--- Record set ---
*** Block opens ***
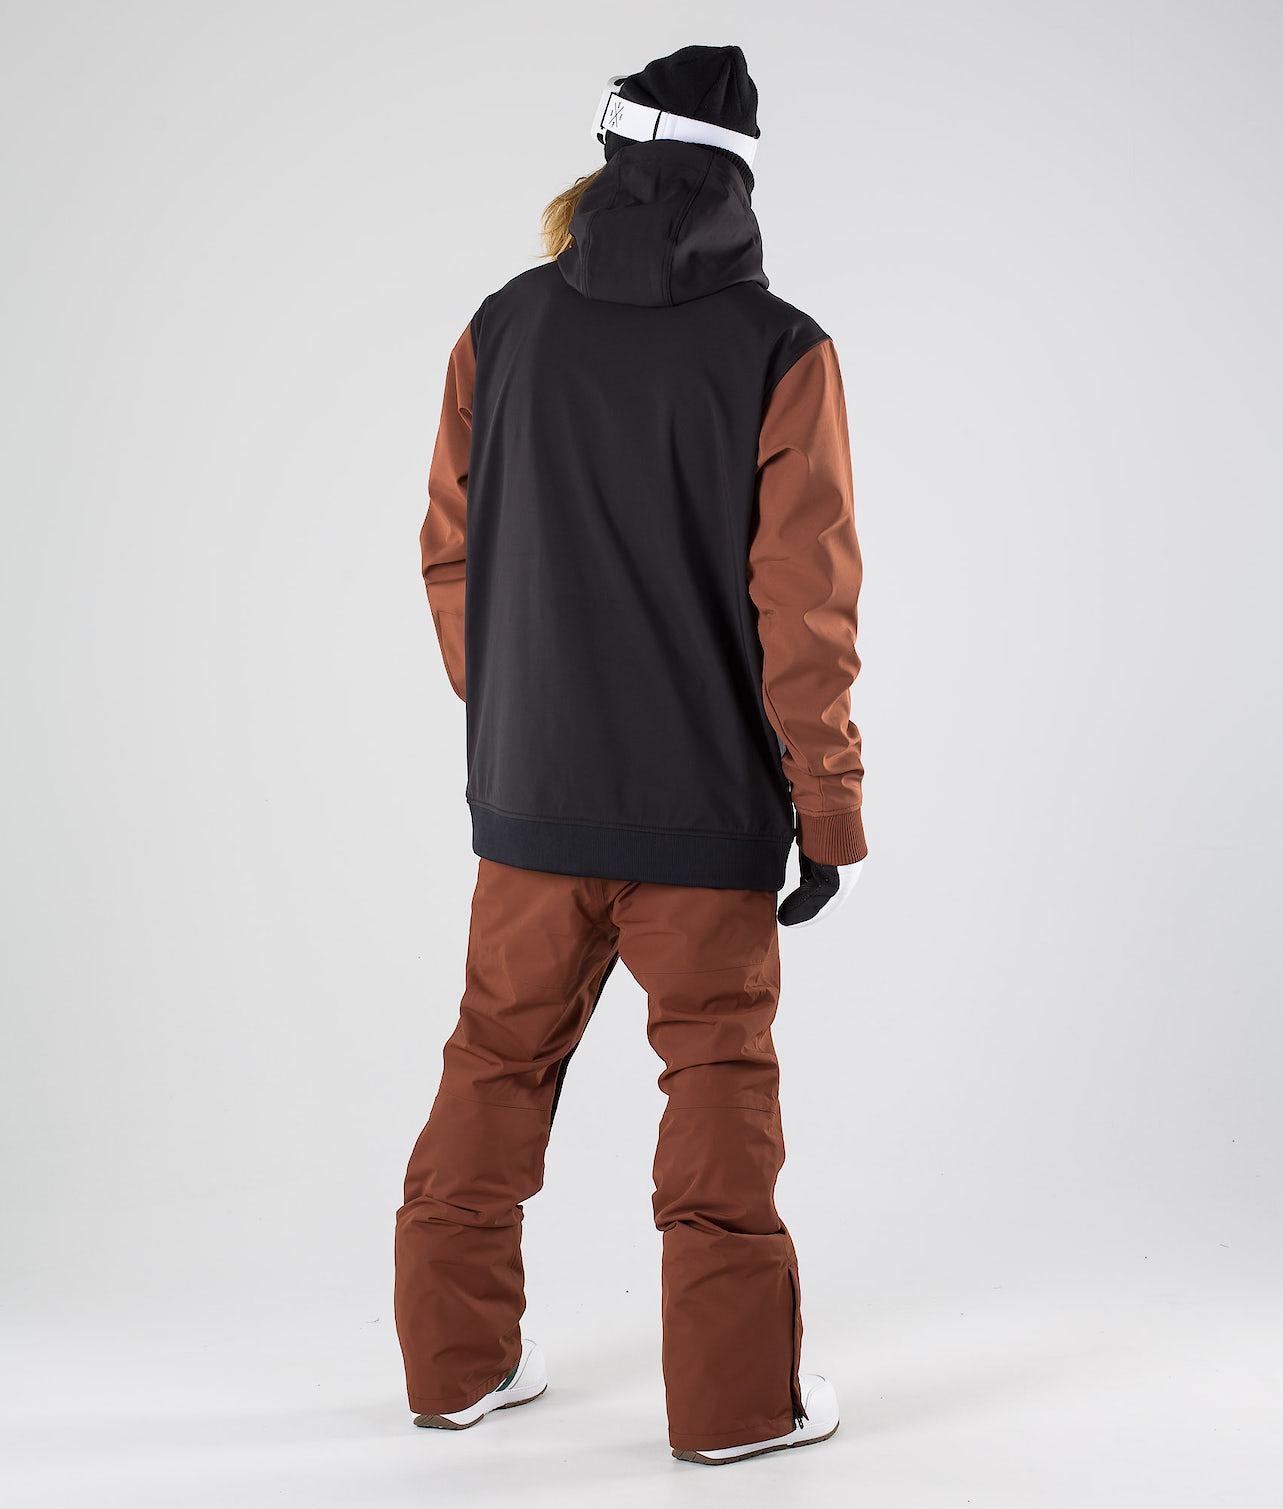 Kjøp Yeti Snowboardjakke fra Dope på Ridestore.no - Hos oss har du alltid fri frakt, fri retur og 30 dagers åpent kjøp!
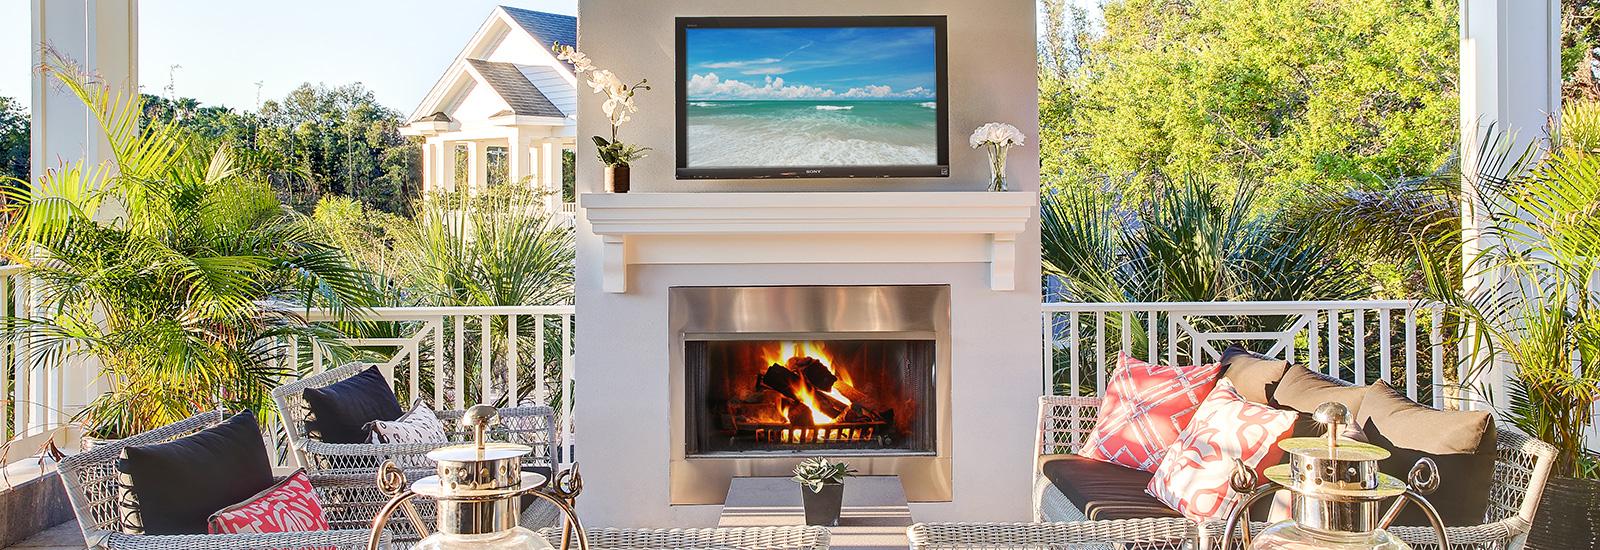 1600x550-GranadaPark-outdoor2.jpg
*** Block closes ***
*** Block opens ***
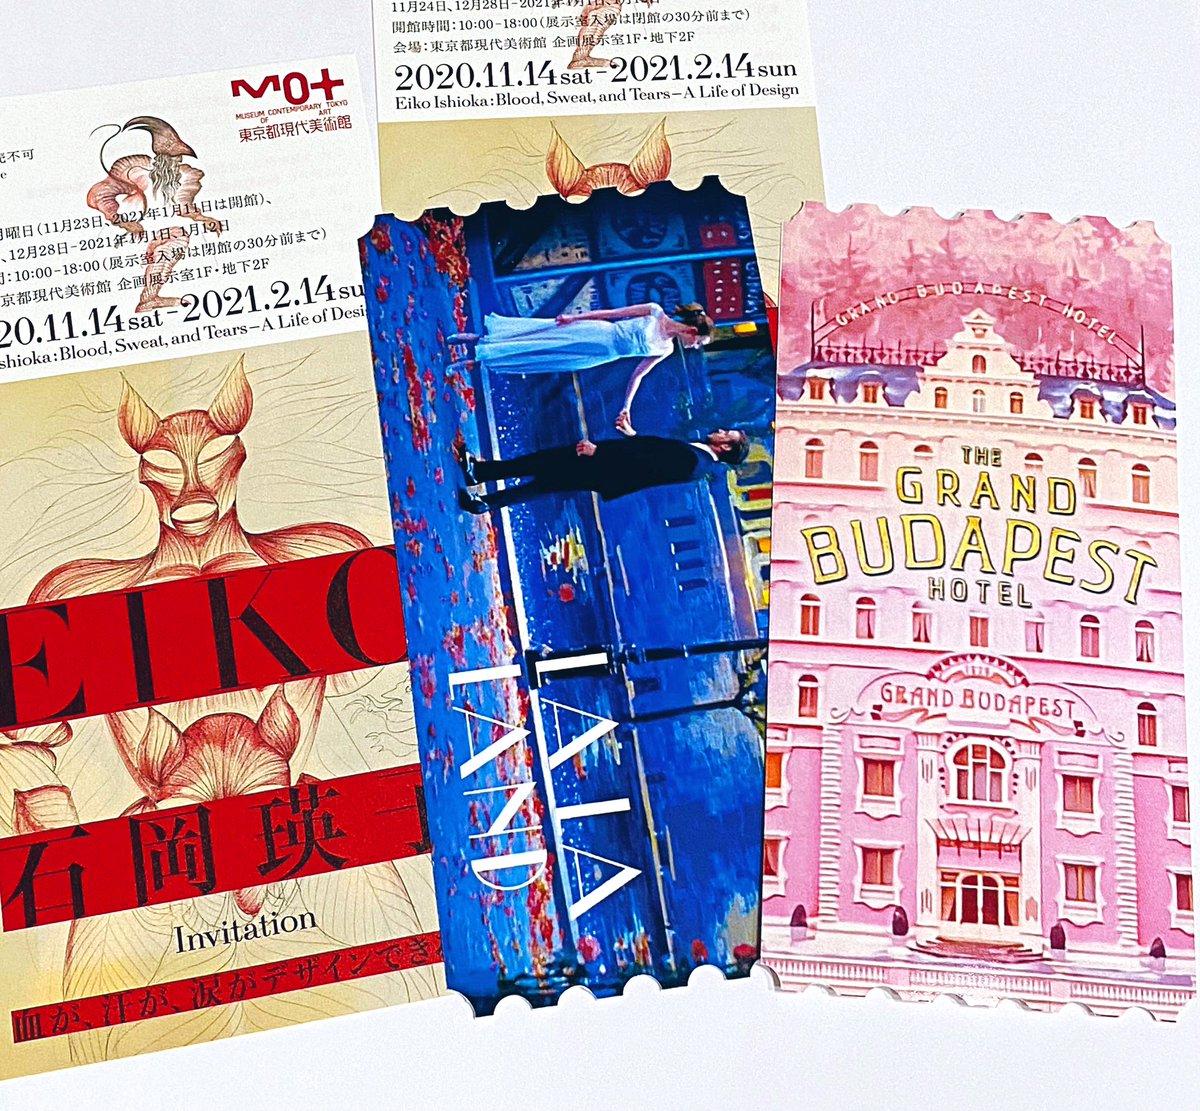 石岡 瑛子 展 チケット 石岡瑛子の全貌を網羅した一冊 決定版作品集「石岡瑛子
*** Block closes ***
*** Block opens ***
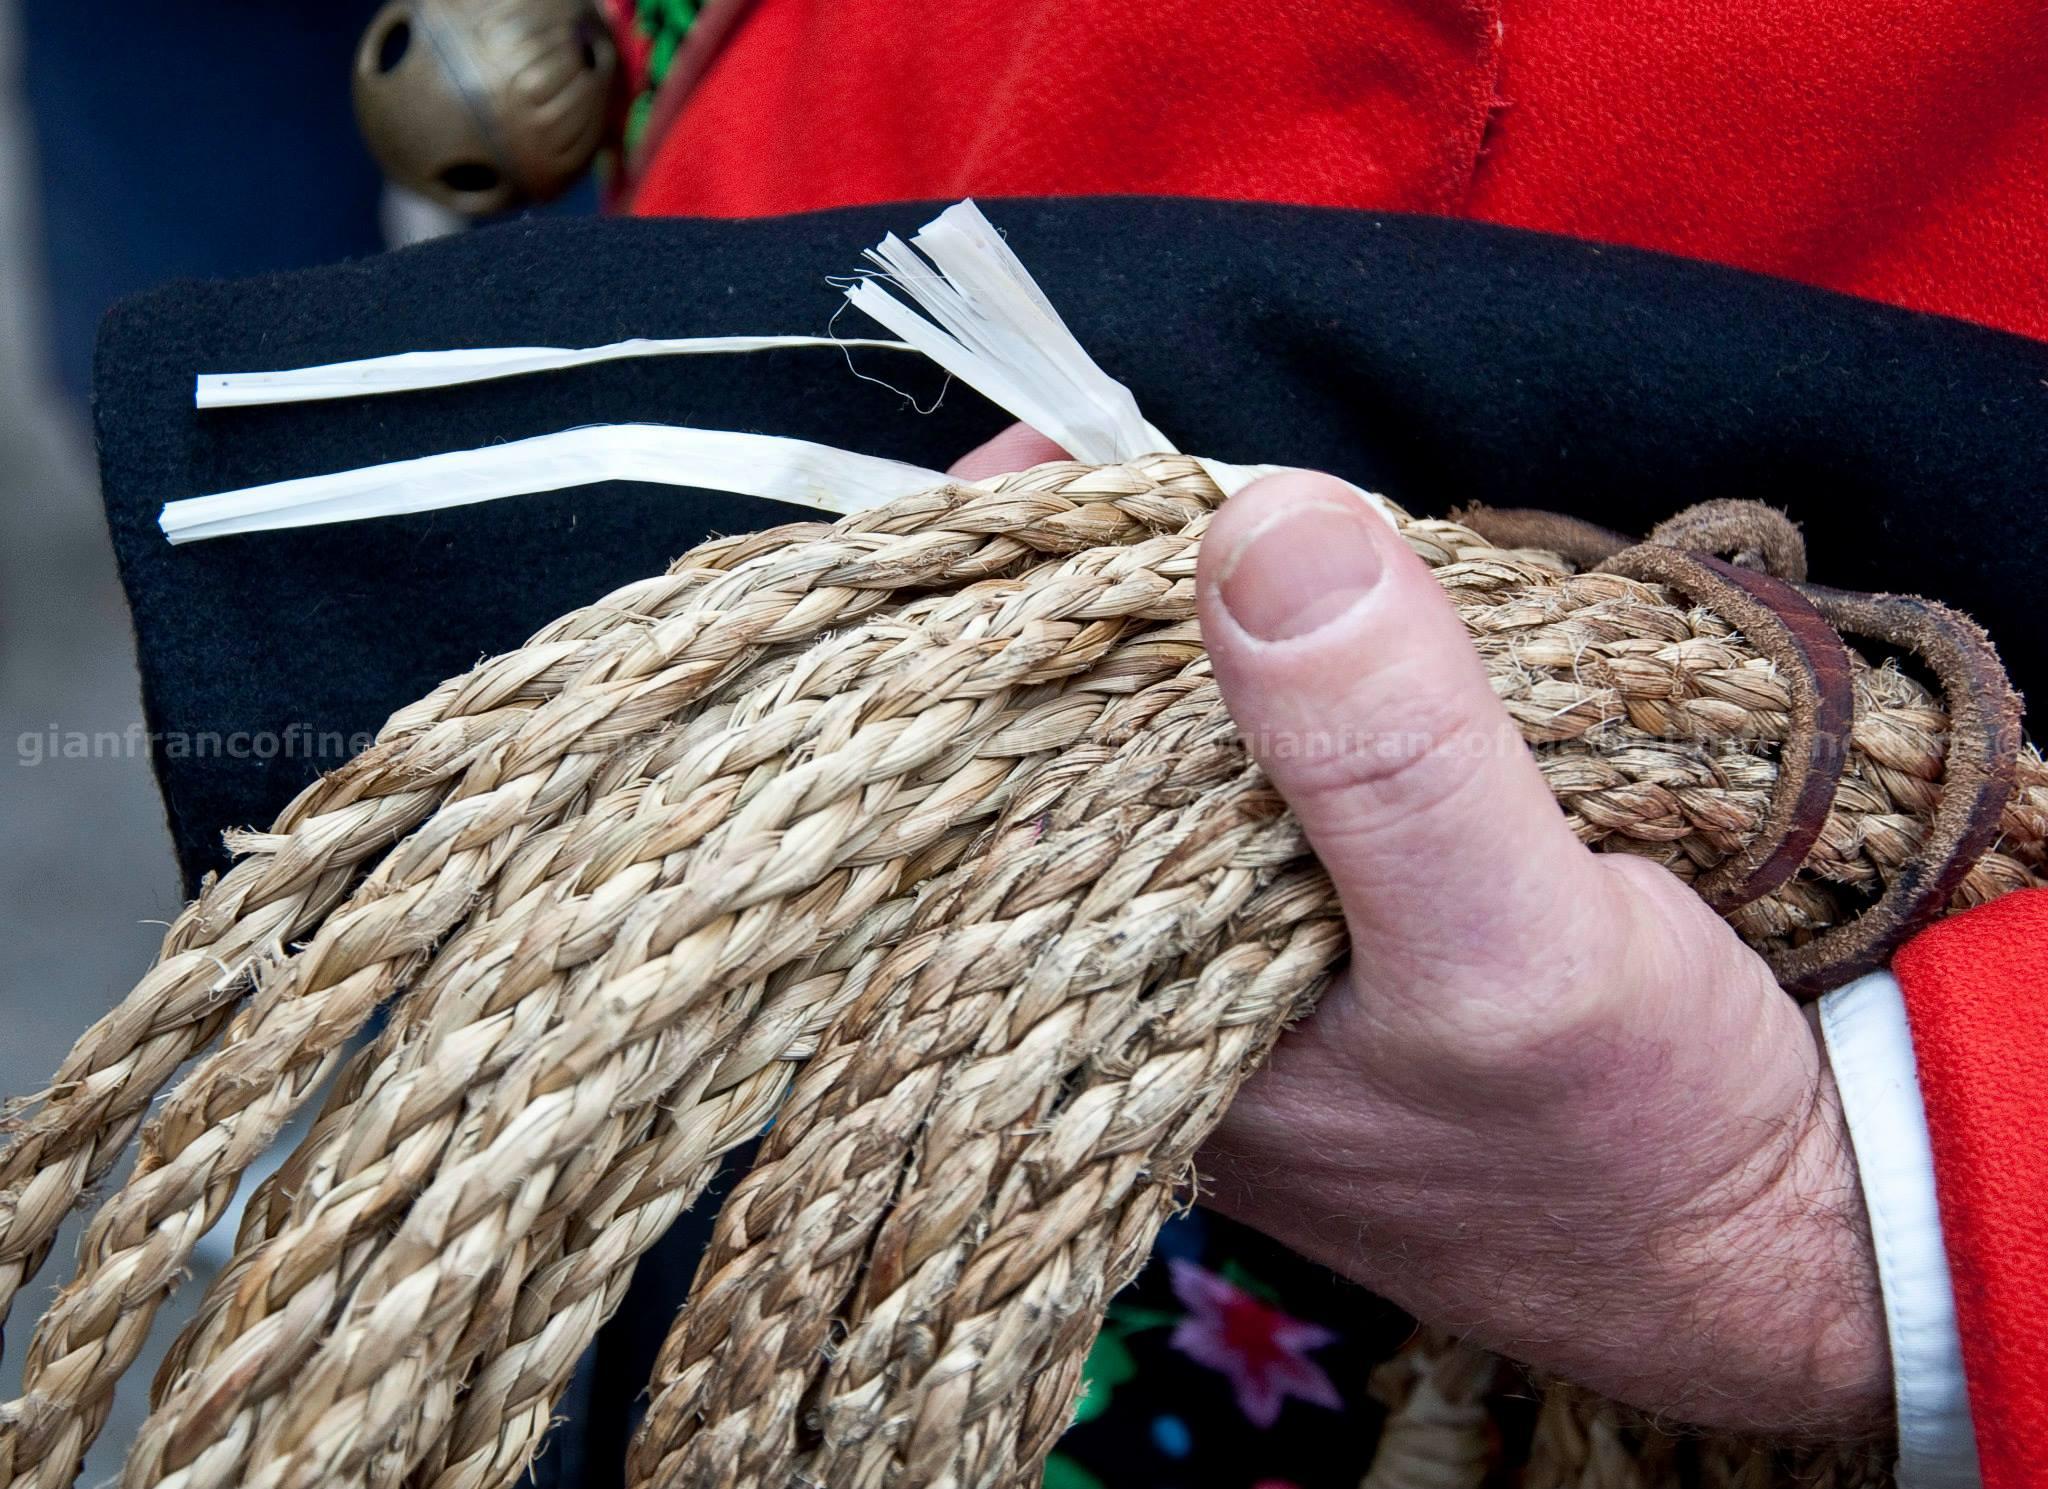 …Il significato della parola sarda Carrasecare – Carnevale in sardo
*** Block closes ***
--- Work to complete ---
Make an exact copy of the lines above, beginning with the line with "Kjøp Yeti Snowboardjakke" and ending with the line with "1600x550-GranadaPark-outdoor2.jpg", and keep the pictures out of it.

--- Response area ---
 Kjøp Yeti Snowboardjakke fra Dope på Ridestore.no - Hos oss har du alltid fri frakt, fri retur og 30 dagers åpent kjøp!
 1600x550-GranadaPark-outdoor2.jpg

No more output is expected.